Au cœur du Vieux Bourg de Mespaul, dans le Finistère, se dresse un édifice discret dont la sobriété de pierre dissimule une histoire aussi dense que mélancolique. La chapelle-ossuaire de l'ancienne église Saint-Aurélien est l'unique vestige d'un ensemble paroissial breton autrefois complet, dont l'église mère fut démantelée et vendue pierre à pierre en 1908. Survivante par accident autant que par grâce, elle incarne à elle seule la fragilité du patrimoine funéraire de la péninsule armoricaine. Ce qui rend cet édifice véritablement singulier, c'est la finesse de son langage architectural. Construit à la charnière des XVIe et XVIIe siècles, il porte l'empreinte du style Renaissance dans une région où ce vocabulaire décoratif fut assimilé avec une originalité proprement bretonne. Sa porte et ses baies en plein-cintre, dont les archivoltes reposent élégamment sur des pilastres, trahissent la main d'artisans maîtrisant les codes italianisants alors en vogue dans les grands chantiers du royaume. Sa ressemblance frappante avec l'ossuaire de Saint-Thomas de Cantorbéry à Landerneau, daté de 1635, permet d'inscrire l'édifice dans une tradition constructive régionale cohérente et documentée. L'histoire de cet ossuaire est aussi celle d'une métamorphose : successivement chapelle, espace de stockage, puis habitation privée au début du XXe siècle, il a traversé les siècles en changeant de peau sans jamais perdre ses murs. Cette conversion domestique, commune à nombre de ses semblables bretons, lui a paradoxalement assuré sa survie là où la rigueur ecclésiastique ou l'indifférence publique avaient condamné ses contemporains à la ruine. Visiter la chapelle-ossuaire de Mespaul, c'est entrer dans une archéologie du quotidien breton, où le sacré et le profane se superposent dans la même façade de granit. L'édifice se contemple depuis l'extérieur, dans le silence du Vieux Bourg, entouré du bocage finistérien qui donne à ce coin du Léon une atmosphère d'éternité tranquille. Pour le passionné de patrimoine, chaque détail sculpté est une fenêtre ouverte sur les savoir-faire d'une époque révolue.

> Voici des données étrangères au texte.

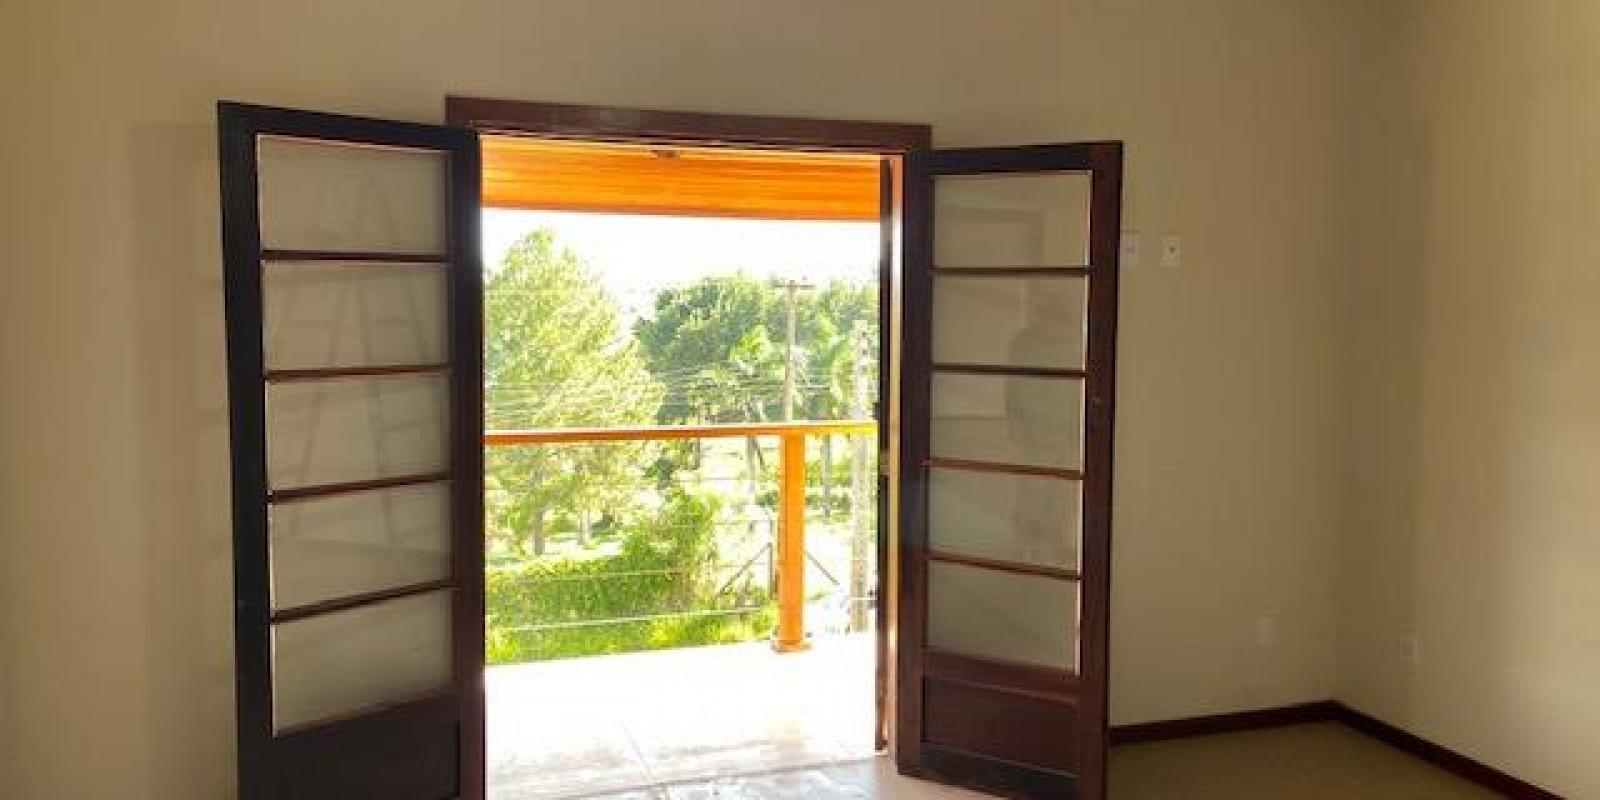 Casa na Represa no Condomínio Estribo em Avaré SP - Foto 13 de 21

La chapelle-ossuaire de Mespaul appartient au courant Renaissance bretonne, ce style hybride qui s'épanouit dans le Léon et le Trégor entre la fin du XVIe et le premier tiers du XVIIe siècle. L'édifice adopte un plan rectangulaire simple, caractéristique des constructions funéraires annexes, dont la compacité reflète la fonction utilitaire première. La façade constitue l'élément architecturalement le plus élaboré : la porte d'entrée et les baies sont traitées en plein-cintre, forme héritée du répertoire antique et diffusée en Bretagne via les grands chantiers royaux. Les archivoltes — ces moulures qui encadrent les arcs — reposent sur des pilastres à chapiteaux, témoins directs du vocabulaire classique intégré par les ateliers de sculpture locaux. La comparaison avec l'ossuaire de Saint-Thomas de Cantorbéry à Landerneau est éclairante : même ordonnancement de la façade, même rapport entre la porte centrale et les ouvertures latérales, même traitement des supports verticaux. Cette convergence formelle illustre la vitalité d'un modèle régional diffusé par des compagnonnages d'artisans itinérants qui travaillaient d'un enclos paroissial à l'autre. Les matériaux employés sont typiques du pays léonard : le granite local, dont la dureté impose une sculpture sobre mais précise, donne à l'ensemble sa couleur gris bleuté caractéristique des monuments du Finistère nord. La toiture, probablement en ardoise d'Anjou ou locale, s'inscrit dans la tradition constructive bretonne de la période.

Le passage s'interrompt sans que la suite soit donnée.